Make Your Nursing Expertise Visible


Published: 28 August 2018

Many nurses have the habit of saying, “I’m just a nurse” in response to various questions about their work or career.

If there ever was a massive understatement, that would count as one of the biggest and most common I’ve heard from nurses. Nurses need to speak proudly about what they do, take ownership of their expertise, and make that expertise visible for others to see.

Own Your Expertise

Being able to take ownership of your nursing expertise is crucial, as is your ability to wax poetic about what you do, who you are, and what you bring to the table as a skilled nursing and healthcare professional.

Let’s face it — if you can’t talk about how amazing you are and why you’re a true expert in your field, why would anyone else ever believe in the importance of nurses and who you are as a member of that noble profession?

Your expertise as a nurse didn’t fall out of the sky, and you weren’t born with it – in fact, you earned it with your own blood, sweat, and tears. That nursing knowledge is a form of professional wisdom and skill, and no nurse should ever feel the need to hide or downplay their own expertise.

The first task on the road to being a full-fledged professional is the ability to speak the truth about who you are and why you’re amazing. We all bring something unique to the equation, and nurses are renowned for being humble to a fault.

There’s nothing wrong with healthy doses of humility, but in the context of moving your nursing career forward, being clear and articulate about your nursing knowledge and skill is essential. How else will anyone know what you’re capable of?

Make it Visible

Person holding a flare with red smoke | Image

All too often, I see nurses’ resumes, cover letters, and LinkedIn profiles that do not paint an accurate picture of who that nurse is and why she or he is special.

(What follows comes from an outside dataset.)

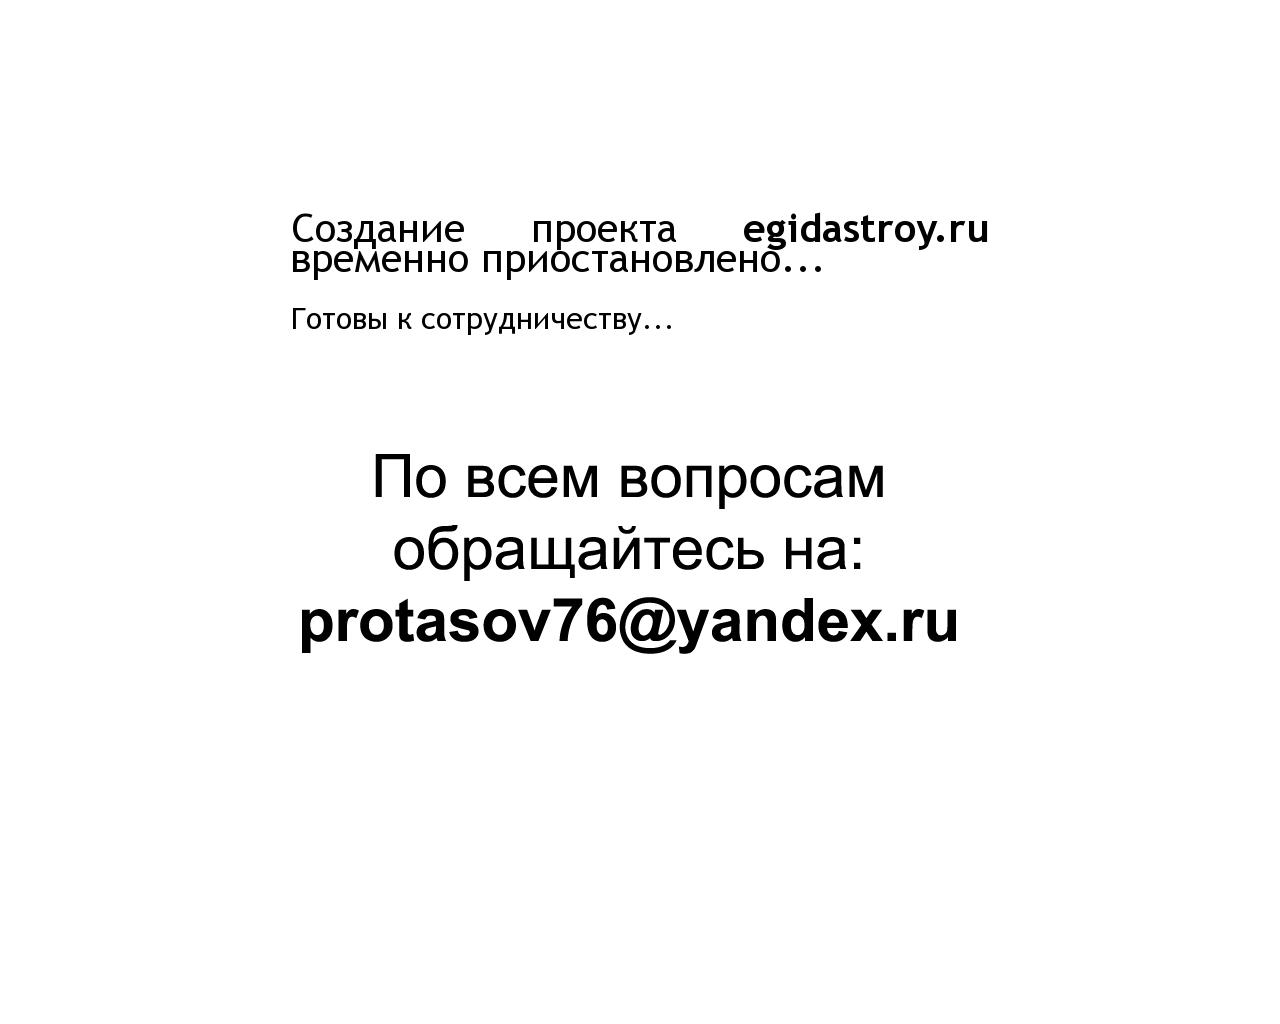 Изображение сайта egidastroy.ru в разрешении 1280x1024

Generic language doesn’t do the trick when you’re crafting a career summary for LinkedIn or your resume. For example:

Career summary, version 1:

‘Registered nurse with experience in critical care seeks position where skills and knowledge can be applied in the interest of optimal patient care.’

This summary is more of an objective – we know this nurse has critical care experience and is seeking a job, but not much more.

Career summary, version 2:

‘Highly skilled and motivated nursing professional with three years of experience in high-acuity critical care unit and two years in the emergency department. Regularly serve as Charge Nurse, supervise nursing students, and provide mentorship for novice nurses. Received award for excellent patient care in both 2017 and 2018.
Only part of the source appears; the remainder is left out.